JUST BOUGHT A CONDO: Your “colleague is full of it. A party — where so many crash — is surely not the most ideal judge of anything. But, most important, One Rincon has practically NO foreign owners. The “trend” of foreign buyers has not hit SF in a big way regardless of attempts from reporters and others to try and say so. These are all Americans. Perhaps first generation, but Americans just the same. Most likely your colleague is either exaggerating or simply is a snob so he’s decided to label them fresh off the boat, even if they aren;t. And guess, what? some of those chinese are actually japanese-americans, korean-americans, filipino-americans, etc.
^ umm, pardon me Armando. Any hard data besides your ‘gut feel’ on this one? At least the other dude went to a party, observed the mix of people and spoke to many of them.
And don’t forget folks, many Asian families are extended, and they certainly have members from abroad looking at investments stateside. My Vietnamese contractor has family abroad doing just that, and I hear stories from him of other families doing the same. Obviously, it’s not that every Asian family is doing this. But for peets sake there are a couple billion of ’em! You’d think more than a handful would buy here, what they see SF as the premier American gateway to the pacific rim. This is not such a tough concept to understand.
um, betcha they will see their asset appreciate north of +50% 10 years from now. given the 10-20% cash down payment, their ROI will be quite healthy, probably beating out DIJA average returns
If by “quite healthy” you mean “likely losing a bunch of money,” then yes, I agree with you.
Previous posters implied that these buyers were all-cash, but now we’re assuming they’re leveraged. No problem, let’s run the numbers.
Generously assume nominal incomes (and thus rents) increase by 4%/yr on average over the next decade (i.e. rule out any possibility of a Japanese style “lost decade”). Prices can thus rise 48% while maintaining the fantastic cap rate of 2.2%.
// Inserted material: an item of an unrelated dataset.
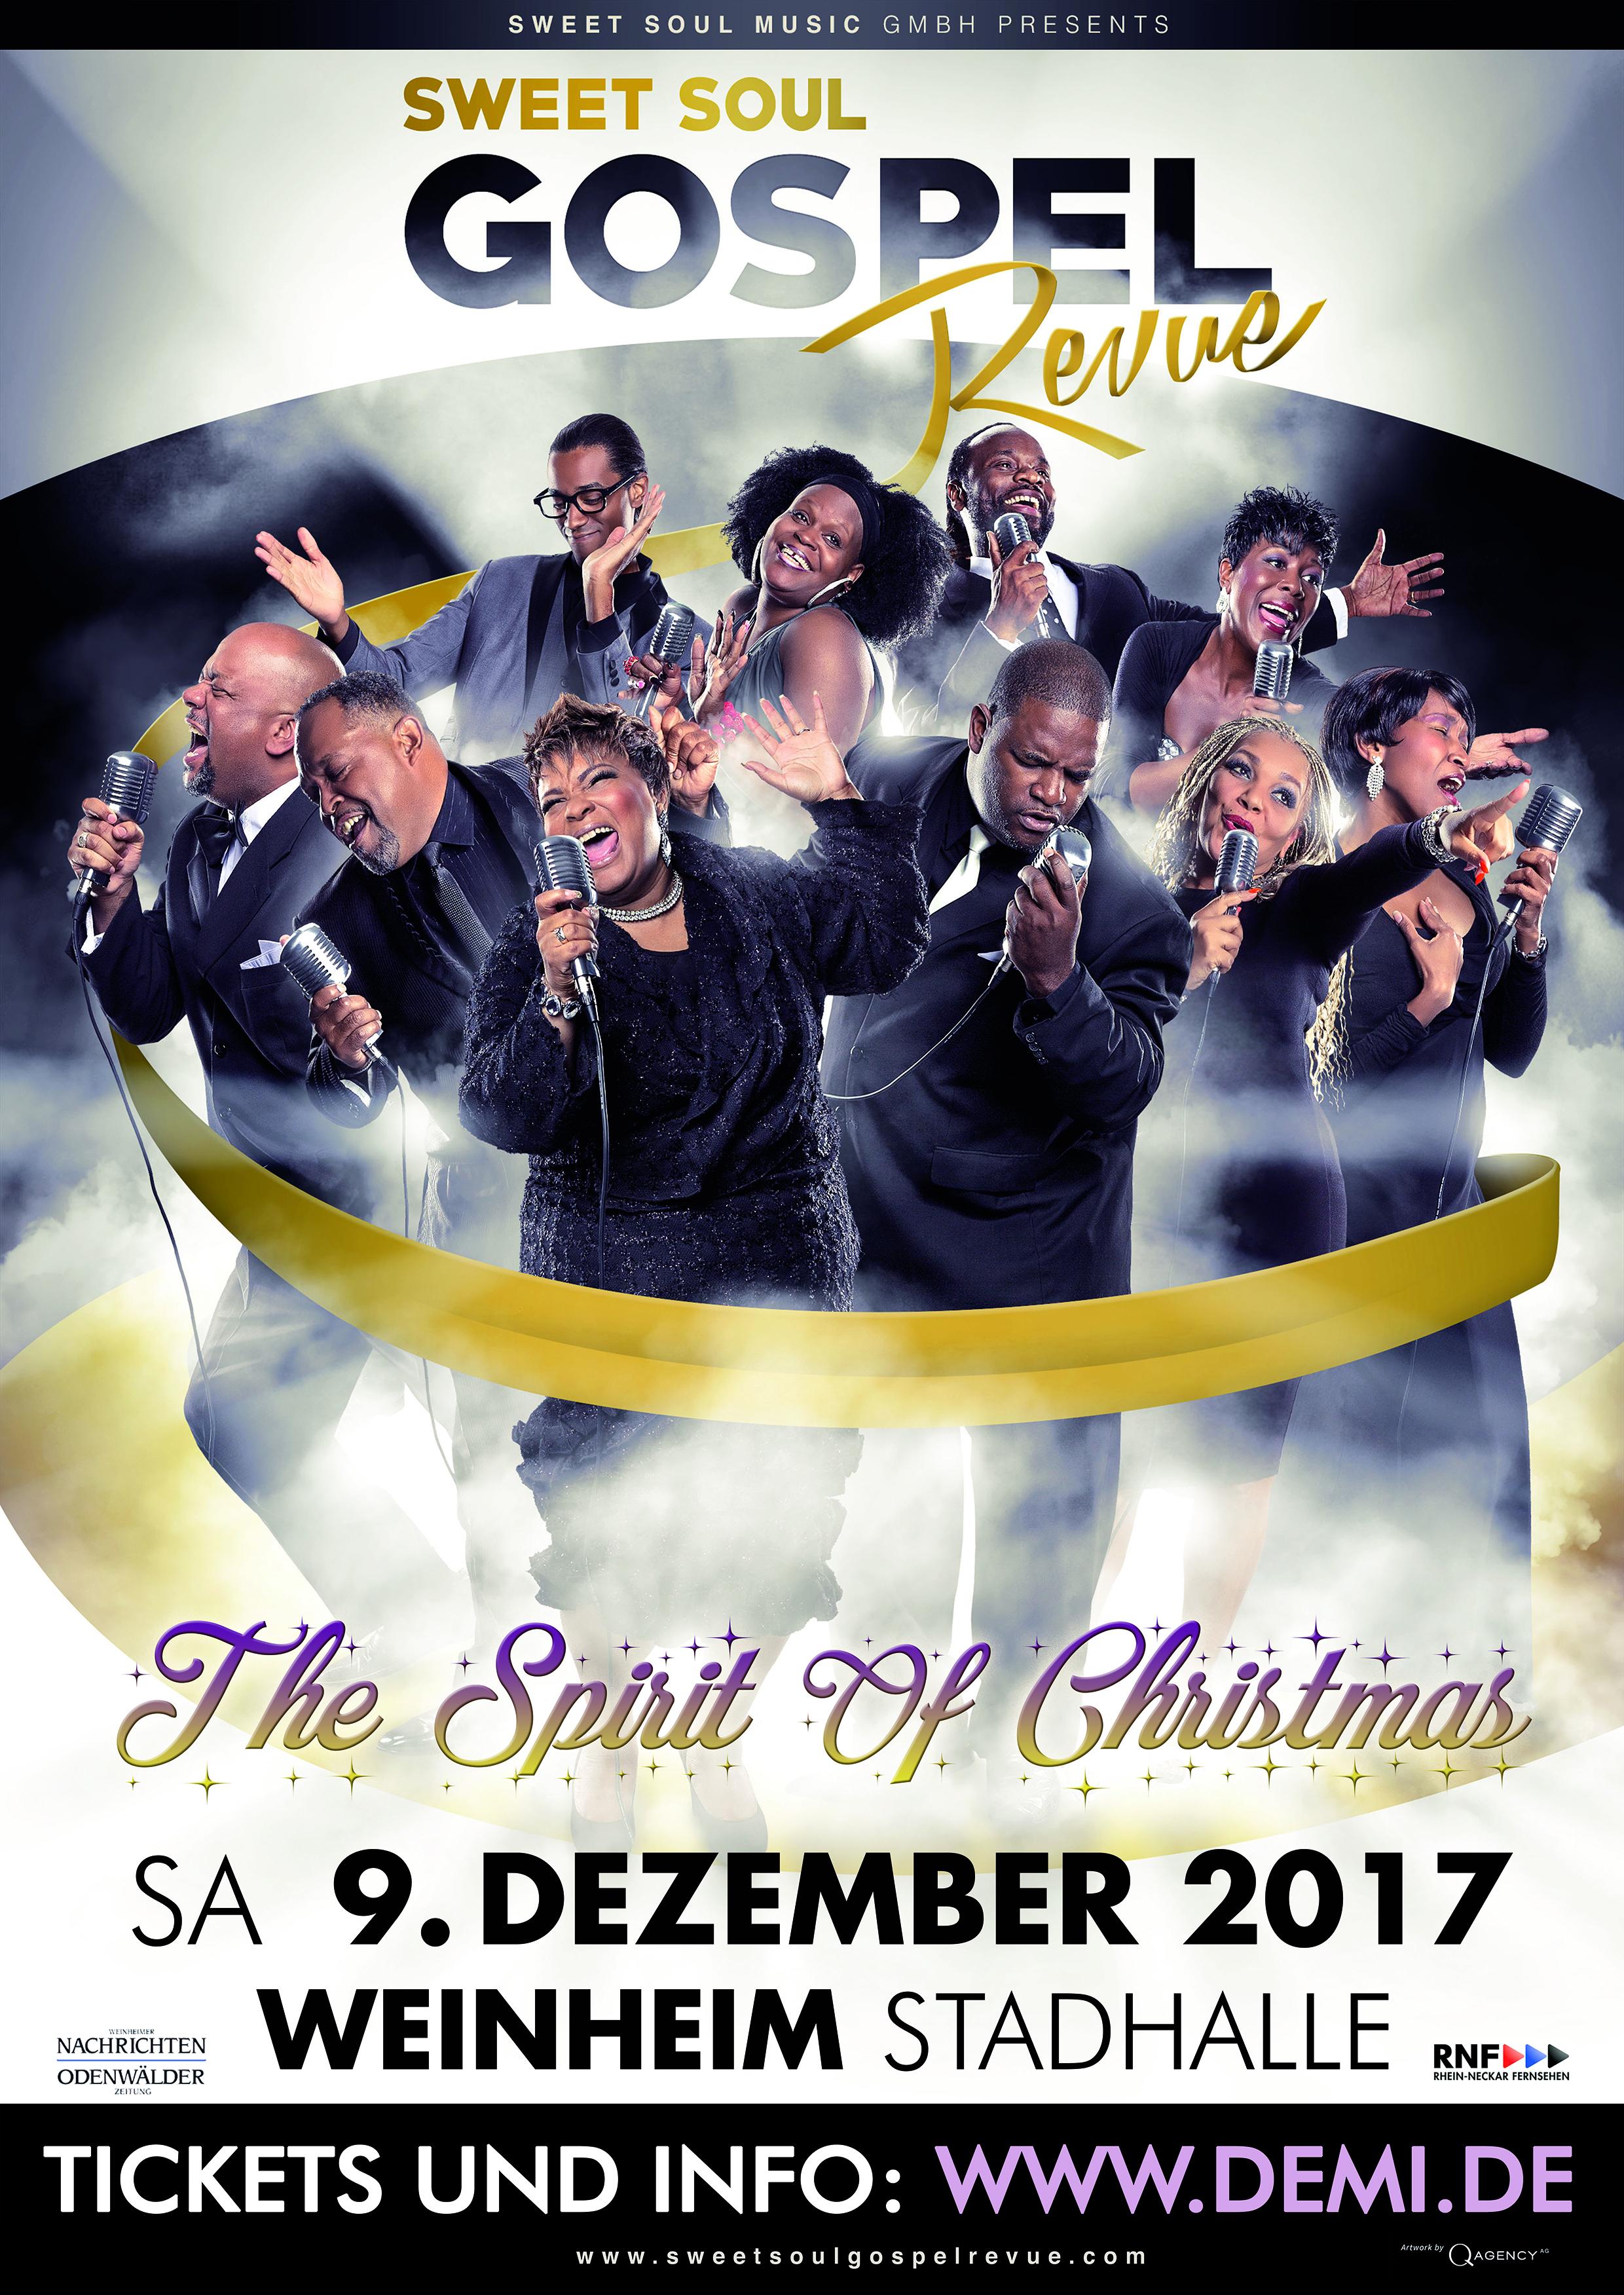 a4_ssmr_gospel-2017

Assumed costs: $550k 1BR property, 10% down, $500k loan at 6% (investment property means higher rate…6% is probably too low) = $30k/yr interest, $2.5k/yr opportunity cost of downpayment, $7k/yr taxes, $6.5k/yr HOA dues.
Assumed income (net of management/maintenance fees): $2400/mo * 10.5 months/yr = $25k/yr.
Net income (loss) in 2010: ($22k/yr)
Net income (loss) in 2020: ($13.5k/yr)
Total net income (loss) while holding: ($255k) (NPV 2020 dollars)
Sale price in 2020: $814k (2020 dollars)
Transfer costs: 1.5% at purchase ($13k NPV 2020 dollars), 7.5% at sale ($61k in 2020).
Gross profit (loss) in 2020: ($65k)
Of course, this all assumes that buyers are willing to accept the same lousy 2.2% cap rate in 2020 that they are accepting today, even though mortgage rates will likely be 50% higher than.
In reality, the cap rate is likely to be substantially higher in 2020 than it is today, i.e. prices will not appreciate a full 48%. Obviously that just makes the whole thing look even worse. They could easily lose six-digit figures of dollars on this property, even with a 10 year hold.
and to boot, they have a pied-a-terre in world class, superstar frisco, if they choose to forego rental income. sweet.
Oh, and I can only hope this is meant as a joke. The loss would look horrific if the property were producing no rental income.
This one was too hard to pass up.
Price wars have broken out among large law firms. Deflation nation.
^^^ from that ABA Journal article:
Hassett was astounded by the unanimous response. “I have never heard 15 lawyers agree on anything else before this,” he wrote.